▼

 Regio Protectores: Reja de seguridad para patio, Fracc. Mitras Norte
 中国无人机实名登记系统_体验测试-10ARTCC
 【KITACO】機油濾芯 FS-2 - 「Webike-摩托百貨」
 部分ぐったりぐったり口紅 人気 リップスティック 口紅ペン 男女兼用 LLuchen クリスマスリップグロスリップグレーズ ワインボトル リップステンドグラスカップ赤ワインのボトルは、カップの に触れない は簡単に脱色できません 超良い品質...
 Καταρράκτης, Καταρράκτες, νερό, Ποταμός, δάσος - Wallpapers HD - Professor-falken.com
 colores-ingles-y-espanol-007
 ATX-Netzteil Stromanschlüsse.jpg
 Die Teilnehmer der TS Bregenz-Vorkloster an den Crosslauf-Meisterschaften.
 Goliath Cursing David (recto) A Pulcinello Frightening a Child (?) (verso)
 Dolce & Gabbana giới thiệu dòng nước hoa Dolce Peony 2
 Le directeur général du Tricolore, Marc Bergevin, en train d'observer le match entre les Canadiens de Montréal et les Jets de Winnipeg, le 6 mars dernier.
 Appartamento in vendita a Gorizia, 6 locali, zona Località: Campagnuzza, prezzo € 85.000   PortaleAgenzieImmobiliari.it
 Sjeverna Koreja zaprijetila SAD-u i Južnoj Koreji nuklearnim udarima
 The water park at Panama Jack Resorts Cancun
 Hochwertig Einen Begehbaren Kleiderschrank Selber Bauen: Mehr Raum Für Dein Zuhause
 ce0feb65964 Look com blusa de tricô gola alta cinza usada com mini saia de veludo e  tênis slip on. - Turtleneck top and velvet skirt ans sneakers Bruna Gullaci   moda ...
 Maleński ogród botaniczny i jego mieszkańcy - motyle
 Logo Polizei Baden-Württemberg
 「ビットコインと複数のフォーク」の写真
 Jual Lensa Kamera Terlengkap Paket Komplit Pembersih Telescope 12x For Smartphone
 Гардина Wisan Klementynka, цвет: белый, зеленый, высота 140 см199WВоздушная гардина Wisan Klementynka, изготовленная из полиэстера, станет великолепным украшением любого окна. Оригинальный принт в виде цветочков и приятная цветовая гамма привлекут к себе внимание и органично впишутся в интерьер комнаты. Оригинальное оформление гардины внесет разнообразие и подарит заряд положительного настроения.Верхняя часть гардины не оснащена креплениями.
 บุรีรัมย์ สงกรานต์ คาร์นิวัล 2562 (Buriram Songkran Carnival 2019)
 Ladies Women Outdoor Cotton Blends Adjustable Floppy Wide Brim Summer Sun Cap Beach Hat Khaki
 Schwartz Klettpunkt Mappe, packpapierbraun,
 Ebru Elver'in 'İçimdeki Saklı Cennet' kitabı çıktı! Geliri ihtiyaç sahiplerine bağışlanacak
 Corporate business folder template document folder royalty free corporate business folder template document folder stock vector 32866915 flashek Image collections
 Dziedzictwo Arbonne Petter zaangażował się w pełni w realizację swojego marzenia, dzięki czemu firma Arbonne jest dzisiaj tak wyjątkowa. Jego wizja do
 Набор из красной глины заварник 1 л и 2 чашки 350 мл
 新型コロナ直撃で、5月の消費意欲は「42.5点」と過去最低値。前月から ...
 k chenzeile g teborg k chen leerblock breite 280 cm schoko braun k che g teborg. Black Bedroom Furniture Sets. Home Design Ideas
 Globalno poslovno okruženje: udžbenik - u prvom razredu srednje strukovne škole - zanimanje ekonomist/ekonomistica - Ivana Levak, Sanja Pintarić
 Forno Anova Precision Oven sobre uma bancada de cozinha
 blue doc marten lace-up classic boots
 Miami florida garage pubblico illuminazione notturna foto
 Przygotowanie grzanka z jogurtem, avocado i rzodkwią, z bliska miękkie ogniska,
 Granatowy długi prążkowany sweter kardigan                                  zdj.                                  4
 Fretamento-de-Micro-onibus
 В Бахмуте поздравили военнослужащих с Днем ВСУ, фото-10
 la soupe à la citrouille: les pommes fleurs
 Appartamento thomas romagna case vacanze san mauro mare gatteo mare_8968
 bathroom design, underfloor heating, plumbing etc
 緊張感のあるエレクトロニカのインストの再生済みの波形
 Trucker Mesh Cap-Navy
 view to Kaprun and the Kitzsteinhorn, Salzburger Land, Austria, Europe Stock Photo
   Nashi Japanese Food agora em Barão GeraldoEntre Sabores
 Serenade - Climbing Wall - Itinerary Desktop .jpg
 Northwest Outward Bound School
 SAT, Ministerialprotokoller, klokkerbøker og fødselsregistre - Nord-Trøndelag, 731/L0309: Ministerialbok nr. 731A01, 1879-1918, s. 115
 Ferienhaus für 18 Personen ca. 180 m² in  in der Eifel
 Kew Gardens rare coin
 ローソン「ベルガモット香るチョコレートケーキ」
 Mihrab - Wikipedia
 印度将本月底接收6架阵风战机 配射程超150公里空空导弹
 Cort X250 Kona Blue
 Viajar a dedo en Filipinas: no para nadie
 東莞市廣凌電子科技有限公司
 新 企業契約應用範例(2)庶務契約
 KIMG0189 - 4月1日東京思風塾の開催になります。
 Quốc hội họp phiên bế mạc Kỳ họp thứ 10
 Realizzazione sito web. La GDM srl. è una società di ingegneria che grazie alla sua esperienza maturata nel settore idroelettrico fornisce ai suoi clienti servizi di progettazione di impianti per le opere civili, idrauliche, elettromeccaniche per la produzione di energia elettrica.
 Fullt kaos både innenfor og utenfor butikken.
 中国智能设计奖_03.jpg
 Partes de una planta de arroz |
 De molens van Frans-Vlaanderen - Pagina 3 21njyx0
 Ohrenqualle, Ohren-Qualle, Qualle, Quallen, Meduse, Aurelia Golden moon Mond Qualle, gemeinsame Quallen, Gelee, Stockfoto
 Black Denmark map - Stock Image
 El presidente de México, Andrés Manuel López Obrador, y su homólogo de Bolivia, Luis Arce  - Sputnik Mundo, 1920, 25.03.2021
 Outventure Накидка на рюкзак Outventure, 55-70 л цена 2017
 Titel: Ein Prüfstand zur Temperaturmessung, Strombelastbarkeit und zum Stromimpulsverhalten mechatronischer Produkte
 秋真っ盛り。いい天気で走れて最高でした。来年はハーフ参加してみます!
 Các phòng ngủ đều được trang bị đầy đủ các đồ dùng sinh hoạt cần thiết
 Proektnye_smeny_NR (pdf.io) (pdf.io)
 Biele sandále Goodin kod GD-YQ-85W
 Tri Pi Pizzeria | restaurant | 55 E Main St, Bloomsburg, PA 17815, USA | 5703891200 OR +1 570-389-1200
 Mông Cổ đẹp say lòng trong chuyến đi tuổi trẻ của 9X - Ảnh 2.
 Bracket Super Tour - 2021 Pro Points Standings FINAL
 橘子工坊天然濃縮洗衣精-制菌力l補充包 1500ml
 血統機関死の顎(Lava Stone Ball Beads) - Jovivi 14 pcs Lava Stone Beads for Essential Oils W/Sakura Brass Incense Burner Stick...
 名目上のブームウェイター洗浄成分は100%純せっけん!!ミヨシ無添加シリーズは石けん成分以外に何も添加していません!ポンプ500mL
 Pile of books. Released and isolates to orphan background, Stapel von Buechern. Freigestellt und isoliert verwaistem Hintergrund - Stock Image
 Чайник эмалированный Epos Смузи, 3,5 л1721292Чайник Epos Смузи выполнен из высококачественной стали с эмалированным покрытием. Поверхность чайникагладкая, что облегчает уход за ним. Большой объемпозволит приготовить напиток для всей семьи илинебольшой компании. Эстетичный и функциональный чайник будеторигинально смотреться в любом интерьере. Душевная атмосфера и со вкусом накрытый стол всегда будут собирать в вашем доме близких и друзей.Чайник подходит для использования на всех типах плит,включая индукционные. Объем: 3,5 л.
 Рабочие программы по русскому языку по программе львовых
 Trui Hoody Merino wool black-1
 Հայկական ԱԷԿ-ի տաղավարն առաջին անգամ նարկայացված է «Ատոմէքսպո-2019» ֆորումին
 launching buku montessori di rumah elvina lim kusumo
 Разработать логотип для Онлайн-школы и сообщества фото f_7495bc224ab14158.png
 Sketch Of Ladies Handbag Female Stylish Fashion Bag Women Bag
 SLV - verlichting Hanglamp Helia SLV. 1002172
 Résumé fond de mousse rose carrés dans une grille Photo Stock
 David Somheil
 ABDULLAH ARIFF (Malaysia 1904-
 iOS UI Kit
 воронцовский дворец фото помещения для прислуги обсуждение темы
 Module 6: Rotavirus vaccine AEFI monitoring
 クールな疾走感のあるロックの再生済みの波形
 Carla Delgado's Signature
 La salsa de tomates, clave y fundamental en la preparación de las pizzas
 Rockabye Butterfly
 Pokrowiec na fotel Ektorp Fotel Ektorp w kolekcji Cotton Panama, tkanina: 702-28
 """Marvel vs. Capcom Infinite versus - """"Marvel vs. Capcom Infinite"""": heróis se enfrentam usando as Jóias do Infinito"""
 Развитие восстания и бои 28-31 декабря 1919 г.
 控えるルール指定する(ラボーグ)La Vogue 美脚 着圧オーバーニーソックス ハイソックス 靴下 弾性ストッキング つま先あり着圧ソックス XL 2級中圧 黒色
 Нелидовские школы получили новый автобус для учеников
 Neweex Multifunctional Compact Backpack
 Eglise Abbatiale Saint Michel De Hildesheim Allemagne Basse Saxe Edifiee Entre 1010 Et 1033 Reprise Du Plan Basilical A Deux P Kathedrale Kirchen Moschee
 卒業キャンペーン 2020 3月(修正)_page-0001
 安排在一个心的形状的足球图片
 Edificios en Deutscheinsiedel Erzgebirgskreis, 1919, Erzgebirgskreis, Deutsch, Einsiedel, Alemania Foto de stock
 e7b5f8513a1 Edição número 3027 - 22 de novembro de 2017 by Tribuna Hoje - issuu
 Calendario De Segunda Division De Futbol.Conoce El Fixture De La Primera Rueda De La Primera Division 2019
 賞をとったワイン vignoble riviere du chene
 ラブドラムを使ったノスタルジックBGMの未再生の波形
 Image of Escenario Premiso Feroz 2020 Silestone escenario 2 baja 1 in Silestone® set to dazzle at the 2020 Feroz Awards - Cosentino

▲

*WHAT TO DO*
Will you return exactly the lines above from the one with "FS-2 - 「Webike-摩托百貨」" down to the one with "Dolce & Gabbana", counting both as part of the range?

*SOLUTION BELOW*
 【KITACO】機油濾芯 FS-2 - 「Webike-摩托百貨」
 部分ぐったりぐったり口紅 人気 リップスティック 口紅ペン 男女兼用 LLuchen クリスマスリップグロスリップグレーズ ワインボトル リップステンドグラスカップ赤ワインのボトルは、カップの に触れない は簡単に脱色できません 超良い品質...
 Καταρράκτης, Καταρράκτες, νερό, Ποταμός, δάσος - Wallpapers HD - Professor-falken.com
 colores-ingles-y-espanol-007
 ATX-Netzteil Stromanschlüsse.jpg
 Die Teilnehmer der TS Bregenz-Vorkloster an den Crosslauf-Meisterschaften.
 Goliath Cursing David (recto) A Pulcinello Frightening a Child (?) (verso)
 Dolce & Gabbana giới thiệu dòng nước hoa Dolce Peony 2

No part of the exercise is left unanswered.